Muskegon County Casino to Generate $15m for Michigan Annually

The upcoming $180 million project by the Little River Band of Ottawa Indians in Michigan is expected to generate $15 million in tax revenue and create over 1,500 high-quality and full-time jobs.

Little River Band’s Muskegon County Casino to Drive High-Paid Jobs

The Little River Band of Ottawa Indians’ upcoming Muskegon County Casino project is a boon to the local economy, says Little River Band Chief Larry Romanelli.  The project, which has been on the cards since 2008 when the tribe purchased a defunct race track property in Fruitport Township, is considered a “big, big move” for the tribe, citing the amount of work that had to be done to bring the project closer to a realization today.

Romanelli has said that making the project a reality has not been easy, with a few hurdles still along the way. Yet, everything from the financial heavy-lifting to the actual work that needs to be put in has been going smoothly, thanks to an overwhelming bipartisan support for the project, with estimated 90% of voters backing the project.

That is good news, Romanelli estimates, as the casino will create 1,000 – 1,500 high-quality full-time jobs and add 1,500 construction and ancillary positions, he adds. The tribe expects to drive business not only towards the casino, but also send economic ripples across businesses such as restaurants, car lots, and other local businesses creating additional jobs.

The casino project will sprawl on 69,000 square feet of gaming space and feature 1,700 slot machines along with 35 table games. There will also be a 220-room hotel with 600 beds created for visitors. Commenting on the amenities, Romanelli had this to add:

“We will have a food court or venue restaurant, but we will not take over the restaurant business, and our patrons will want to experience fine dining elsewhere. We will have entertainment, but will not compete with the Frauenthal.”

How Big of an Economic Impact?

The touted project is expected to give a moribund region a significant economic leg-up, with the project expected to generate $15 million in tax revenue for West Michigan annually.

The project’s bipartisan support stems from the fact that the Muskegon County Casino has been funded by the tribes and private investment, rather than tapping into precious tax payer’s dollar.

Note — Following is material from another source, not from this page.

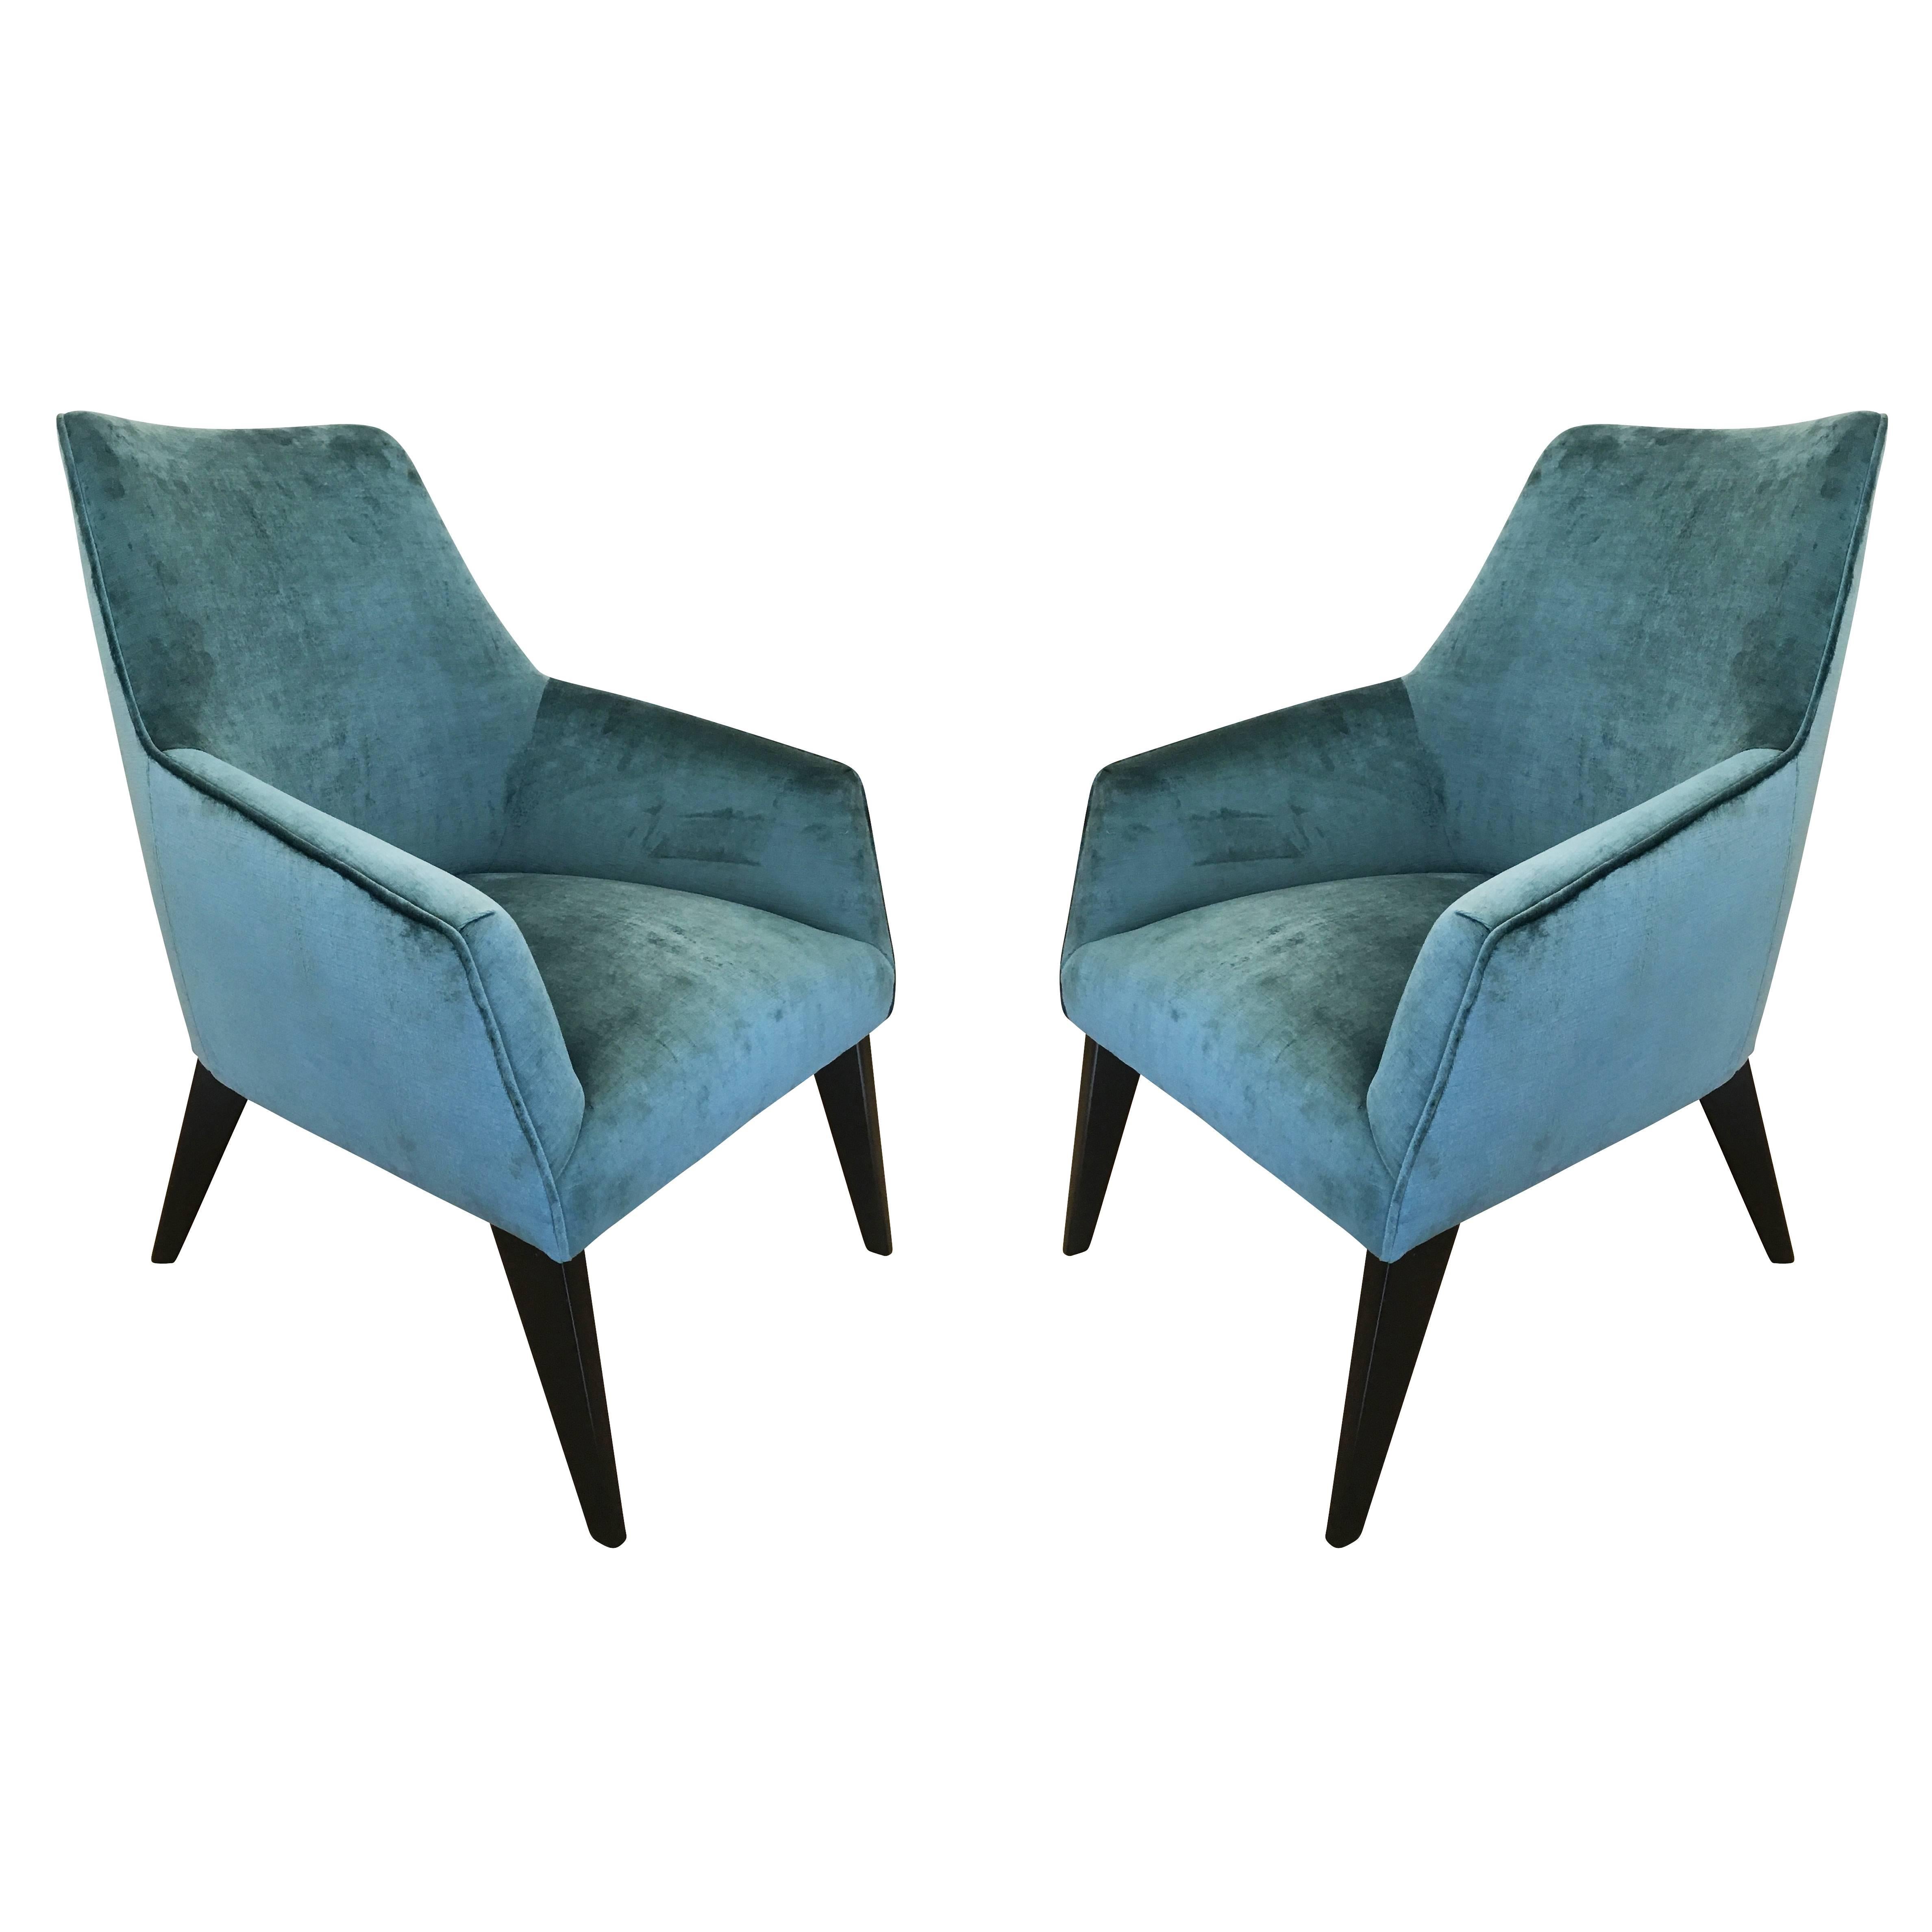 Pair of Armchairs in the Manner of Gio Ponti

Besides, the project has long been coming. After the 2008 purchase, the tribe submitted an application to the Bureau of Indian Affairs (BIA) requesting from the organization to place 60 acres of its land into a $180 million casino and economic development project.

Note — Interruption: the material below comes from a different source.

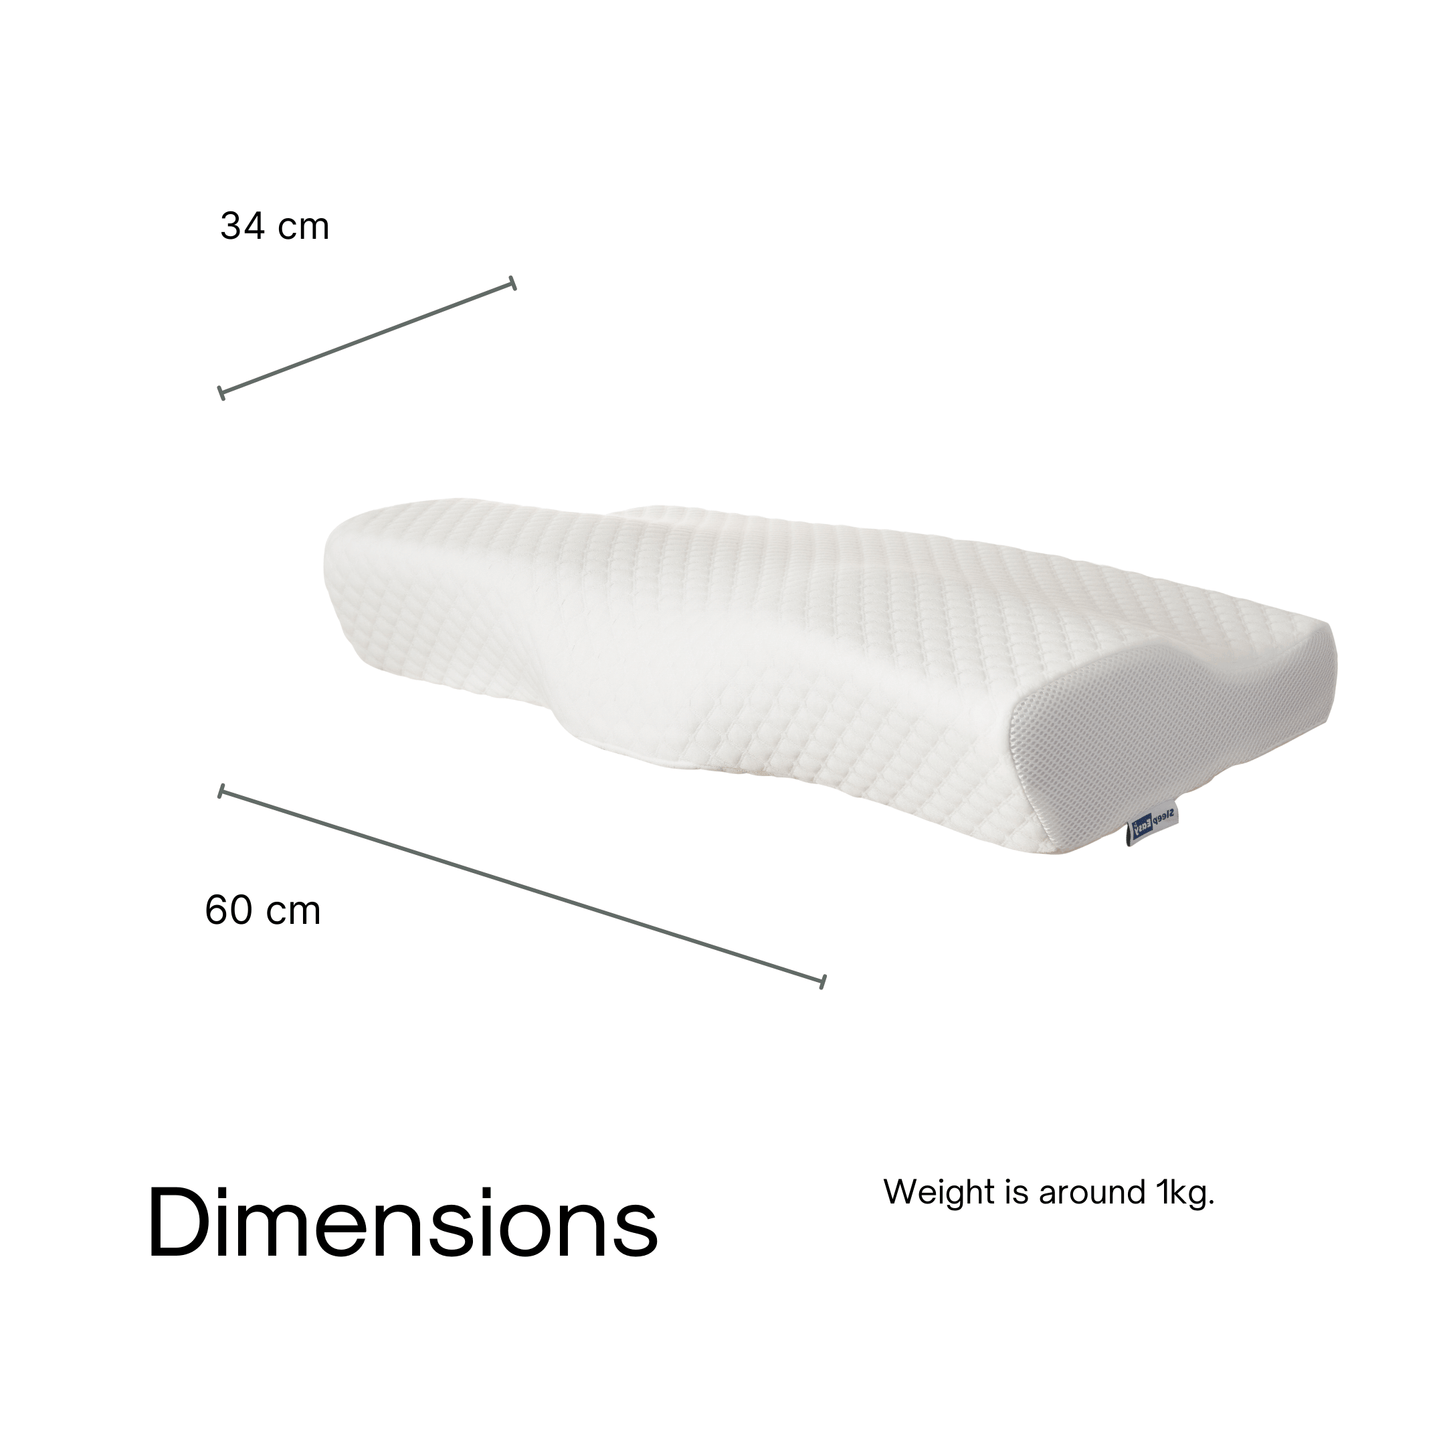 The Original Groove® Pillow For Neck Pain

A published a preliminary approval in November 2018, which was then subject to public hearing and comment. Before the project can be given a formal go-ahead, though, the BIA has yet to publish a Notice of Availability of a Final Environmental Impact Statement (FEIS).

Once again, there will be a comment period with the Federal government issuing a final decision on the application. When this is cleared, Governor Gretchen Whitmer and State Legislature will have to settle rest of the details.

To obtain the FEIS, the BIA looked into potential environmental impacts, including effects on air quality, public health and environmental hazards, waste, noise, and more. The project’s estimated completion date for the entire $180 million casino project is set to three years from now, Romanelli said, citing Little River Band’s position.

Should everything go according to plan, the Muskegon County Casino will be arriving in late 2023 or early 2024.